Unsere gesamte Erfahrung der Welt wird durch unsere Überzeugungen über die Welt konstruiert, und wir benutzen unsere Vernunft ständig, um Aussagen über die Realität abzuleiten. Sich vom Prozess der Vernunft und des Verstehens zu entfernen, bedeutet, sich von der Realität selbst zu entfernen, insofern als die Menschen Zugang zur Realität haben.

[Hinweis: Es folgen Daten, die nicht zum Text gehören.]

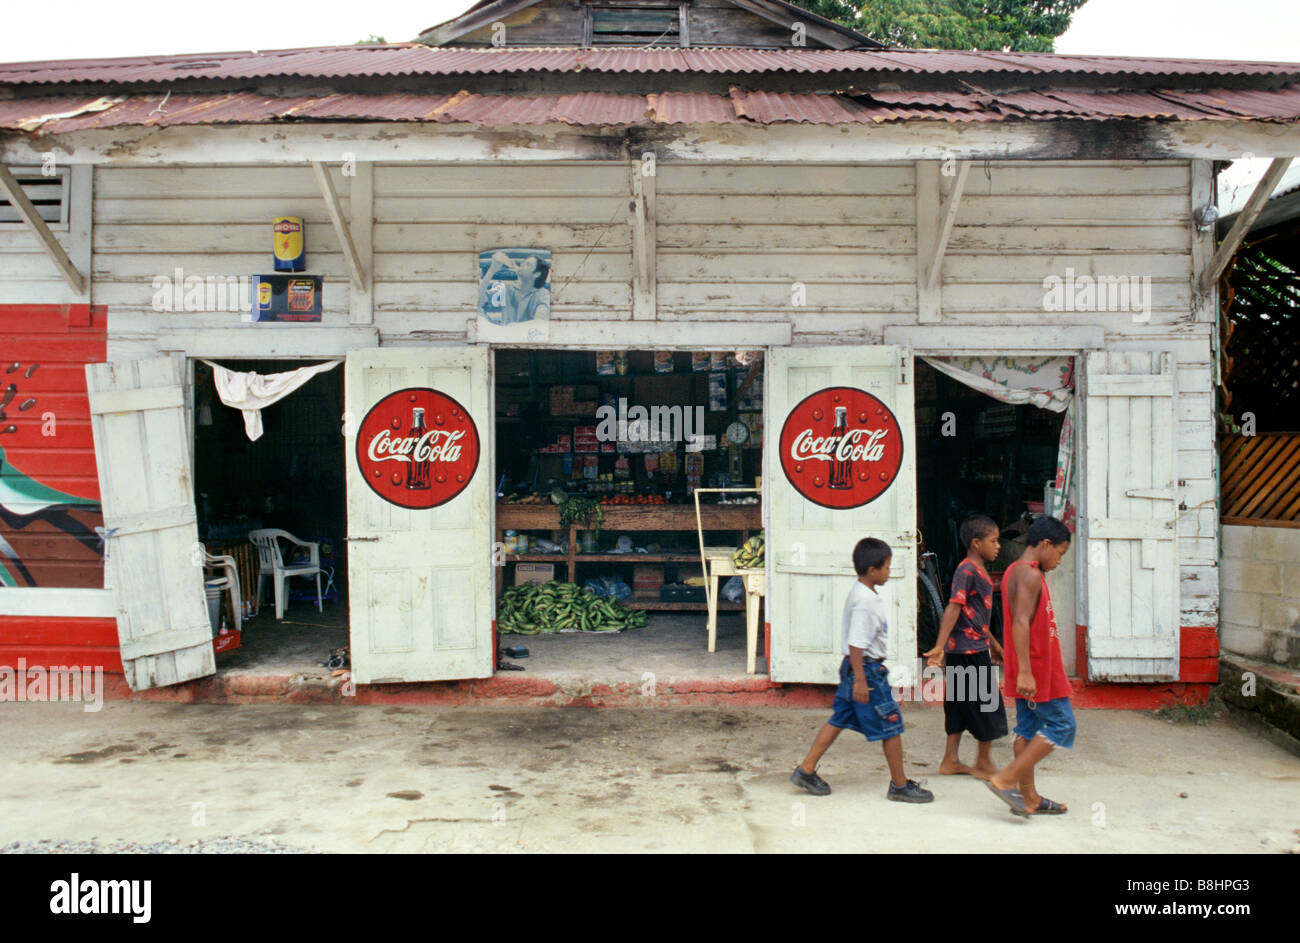 Three children boys walk by a corner store with Coca-cola advertisement in the Garifuna town of Livingstone Guatemala Stock Photo

Das bedeutet nicht, dass wir uns bei der Bildung von Überzeugungen immer auf unsere eigene Argumentationskraft oder logische Deduktion verlassen. Ich vertraue meinem eigenen Verständnis ebenso sehr, wenn ich das Wort einer verlässlichen Autorität akzeptiere, wie wenn ich die Implikationen der göttlichen Souveränität selbst sorgfältig ausarbeite und akzeptiere. Nicht anzuerkennen, dass wir unserem eigenen Verständnis vertrauen, wenn wir die Lehre oder die Ideen anderer als zuverlässig erachten, ist eine kritische Nuance, die, wenn sie ignoriert wird, zu einer antiintellektuellen Haltung führen kann, die zunehmend von der Realität abweicht oder jedenfalls nicht mehr auf sie abzielt.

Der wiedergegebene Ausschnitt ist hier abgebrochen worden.